Hi all,
I am trying to download/create a sqlite file for mm9 for some RNAseq analysis.
So far, I have tried various things, none of which have worked. The latest strategy I have too is to download a .gtf file from NCBI and create a sqlite file as follows:
Step1: downlaod gtf file from here: http://genome.ucsc.edu/cgi-bin/hgTables
Step1: Build .sqlite file as follows:
library(GenomicFeatures)
txdb <- makeTranscriptDbFromGFF(file="~/ReferenceFiles/mm9.gtf",
format="gff3",
dataSource="NCBI",
species="Mus musculus")
saveDb(txdb, file=“~/ReferenceFiles/mm.sqlite”)

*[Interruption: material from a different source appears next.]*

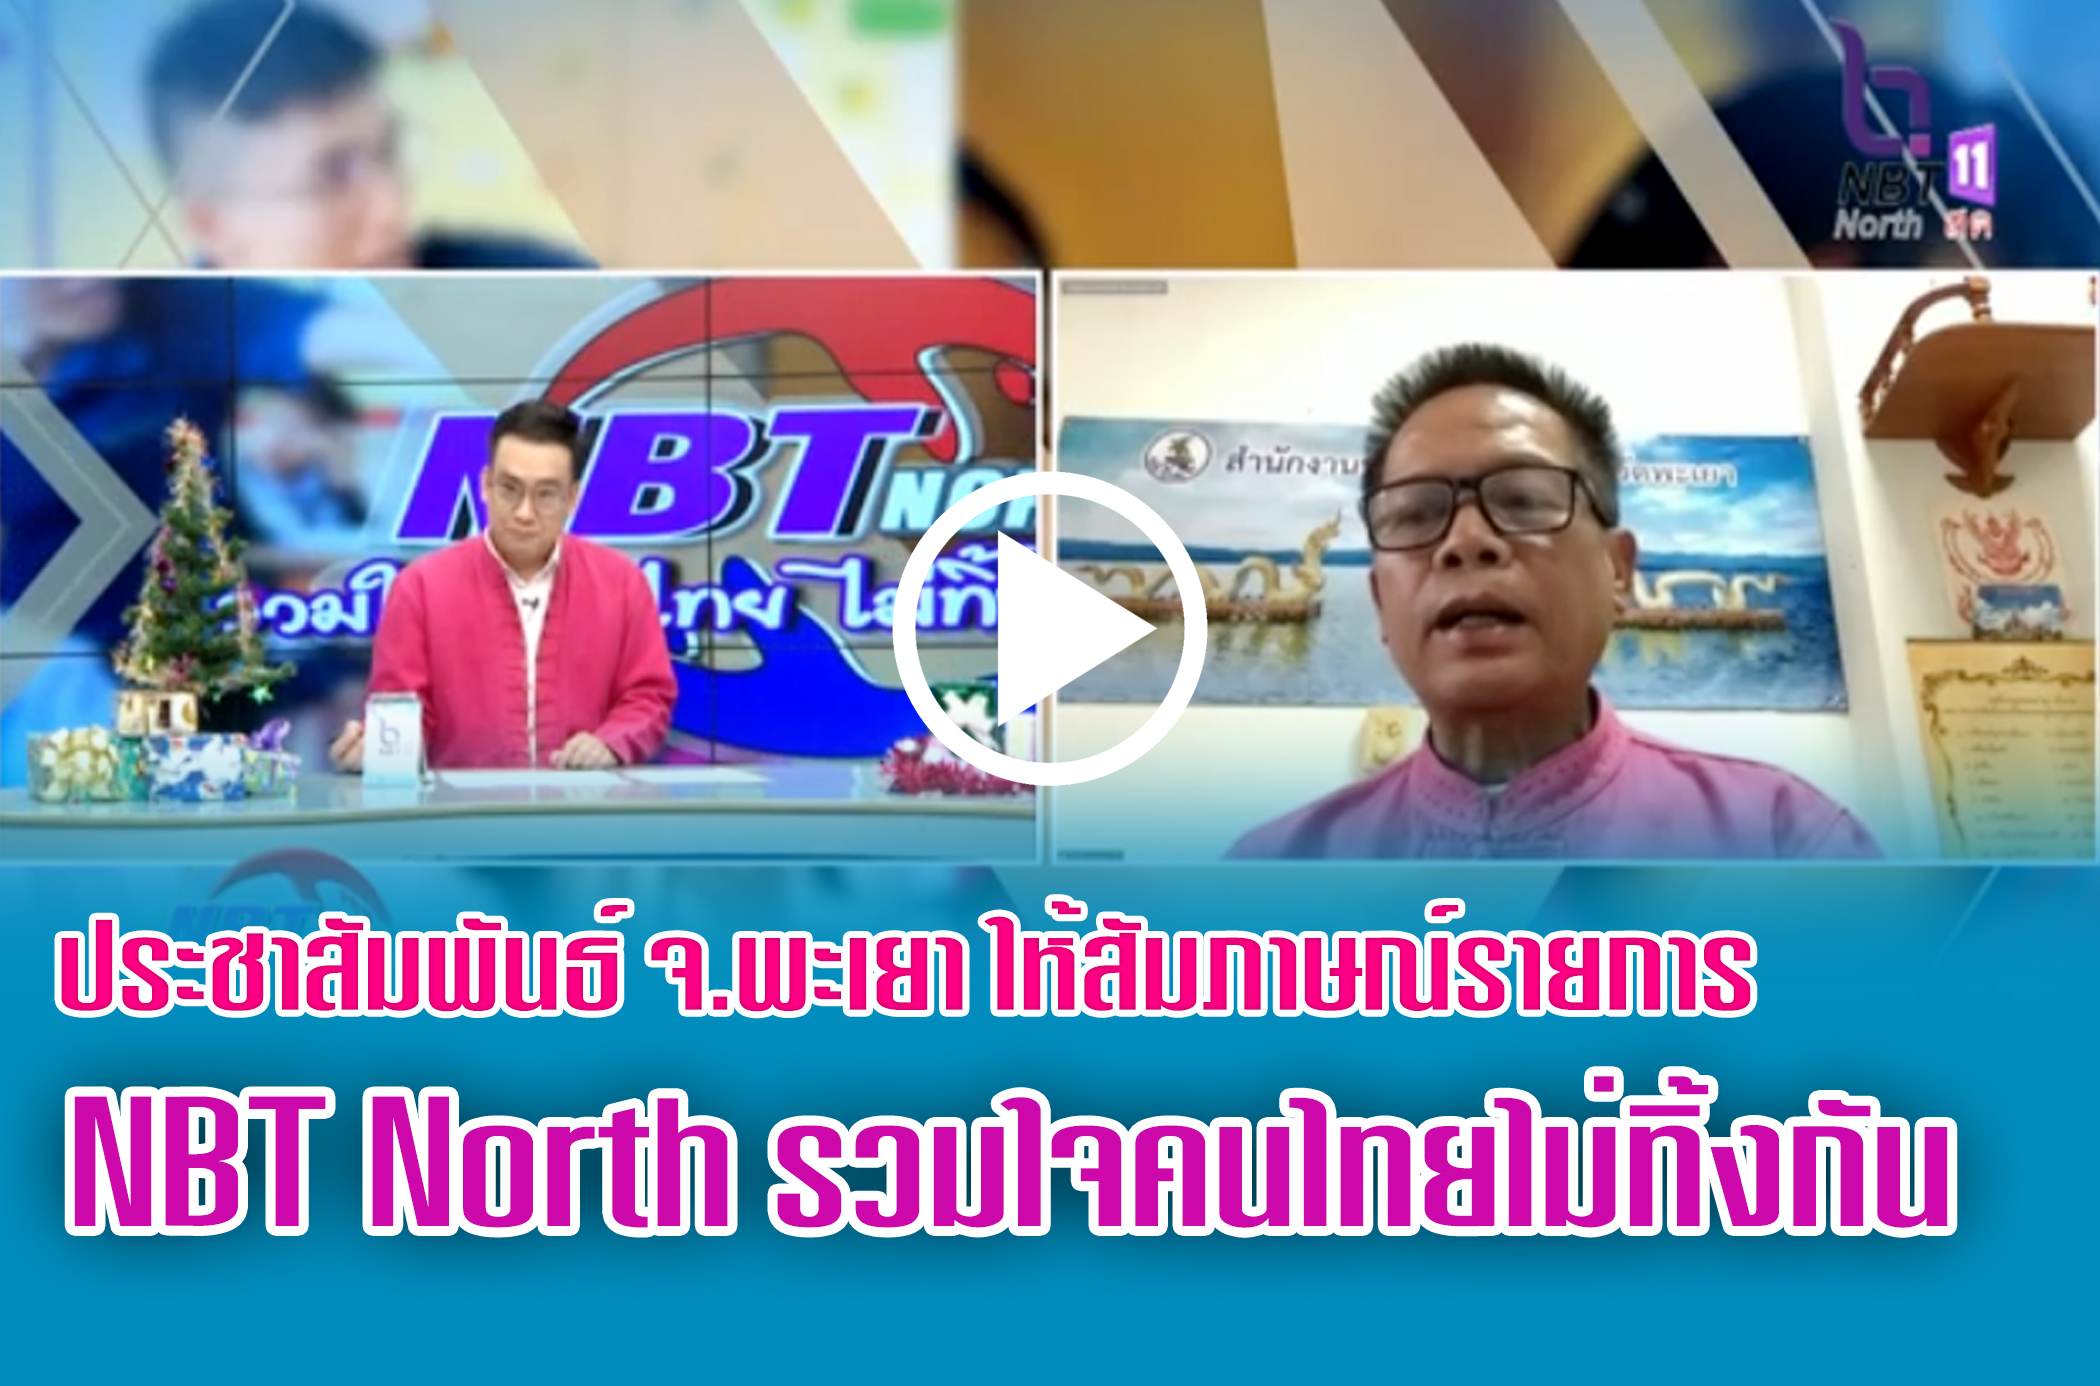 ประชาสัมพันธ์จังหวัดพะเยา ให้สัมภาษณ์ในรายการ NBT North รวมใจคนไทยไม่ทิ้งกัน
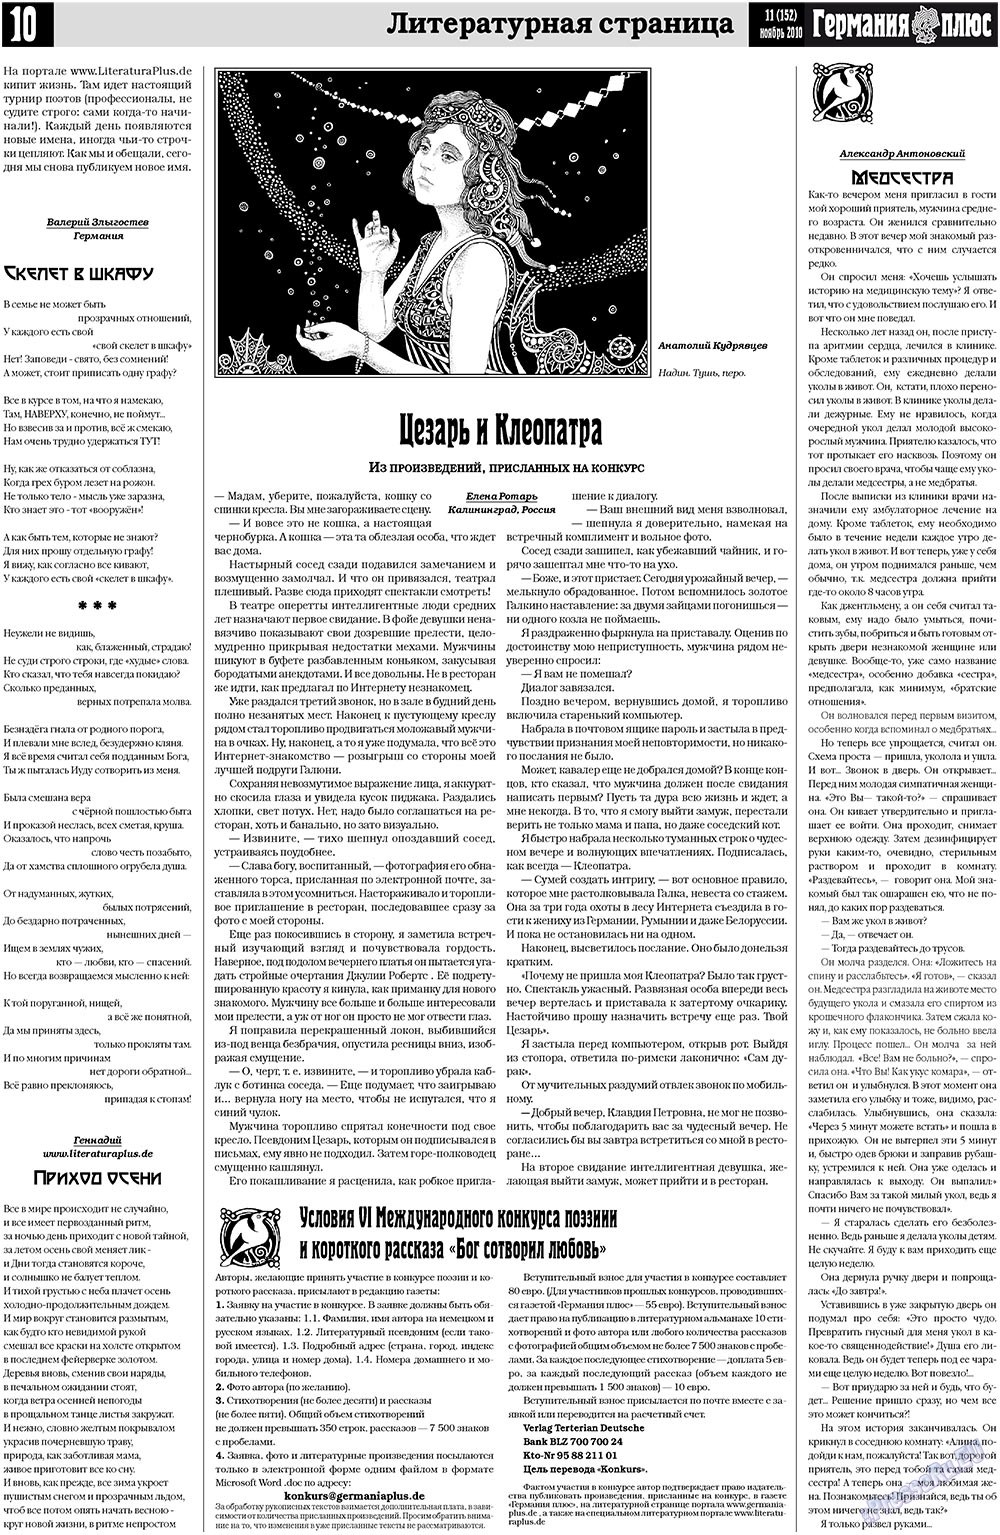 Германия плюс, газета. 2010 №11 стр.10

I get the follow gin error:
Error in .parse_attrCol(attrCol, file, colnames) :
Some attributes do not conform to 'tag=value’ format
Any help would be greatly appreciated!
Thanks a lot in advance,
> sessionInfo()
R version 3.1.2 (2014-10-31)
Platform: x86_64-apple-darwin10.8.0 (64-bit)
locale:
[1] en_US.UTF-8/en_US.UTF-8/en_US.UTF-8/C/en_US.UTF-8/en_US.UTF-8
attached base packages:
[1] grid parallel stats4 stats graphics grDevices utils
[8] datasets methods base
other attached packages:
[1] GenomicFeatures_1.18.2 VennDiagram_1.6.9 gtools_3.4.1
[4] edgeR_3.8.5 limma_3.22.1 GenomicAlignments_1.2.1
[7] Rsamtools_1.18.2 Biostrings_2.34.0 XVector_0.6.0
[10] GenomicRanges_1.18.3 AnnotationDbi_1.28.1 GenomeInfoDb_1.2.3
[13] IRanges_2.0.0 S4Vectors_0.4.0 Biobase_2.26.0
[16] BiocGenerics_0.12.1
loaded via a namespace (and not attached):
[1] base64enc_0.1-2 BatchJobs_1.5 BBmisc_1.8 BiocParallel_1.0.0
[5] biomaRt_2.22.0 bitops_1.0-6 brew_1.0-6 checkmate_1.5.0
[9] codetools_0.2-9 DBI_0.3.1 digest_0.6.4 fail_1.2
[13] foreach_1.4.2 iterators_1.0.7 RCurl_1.95-4.4 RSQLite_1.0.0
[17] rtracklayer_1.26.2 sendmailR_1.2-1 stringr_0.6.2 tools_3.1.2
[21] XML_3.98-1.1 zlibbioc_1.12.0
Hi Hervé,
Thanks for the answer. This is indeed what I need, it is awesome!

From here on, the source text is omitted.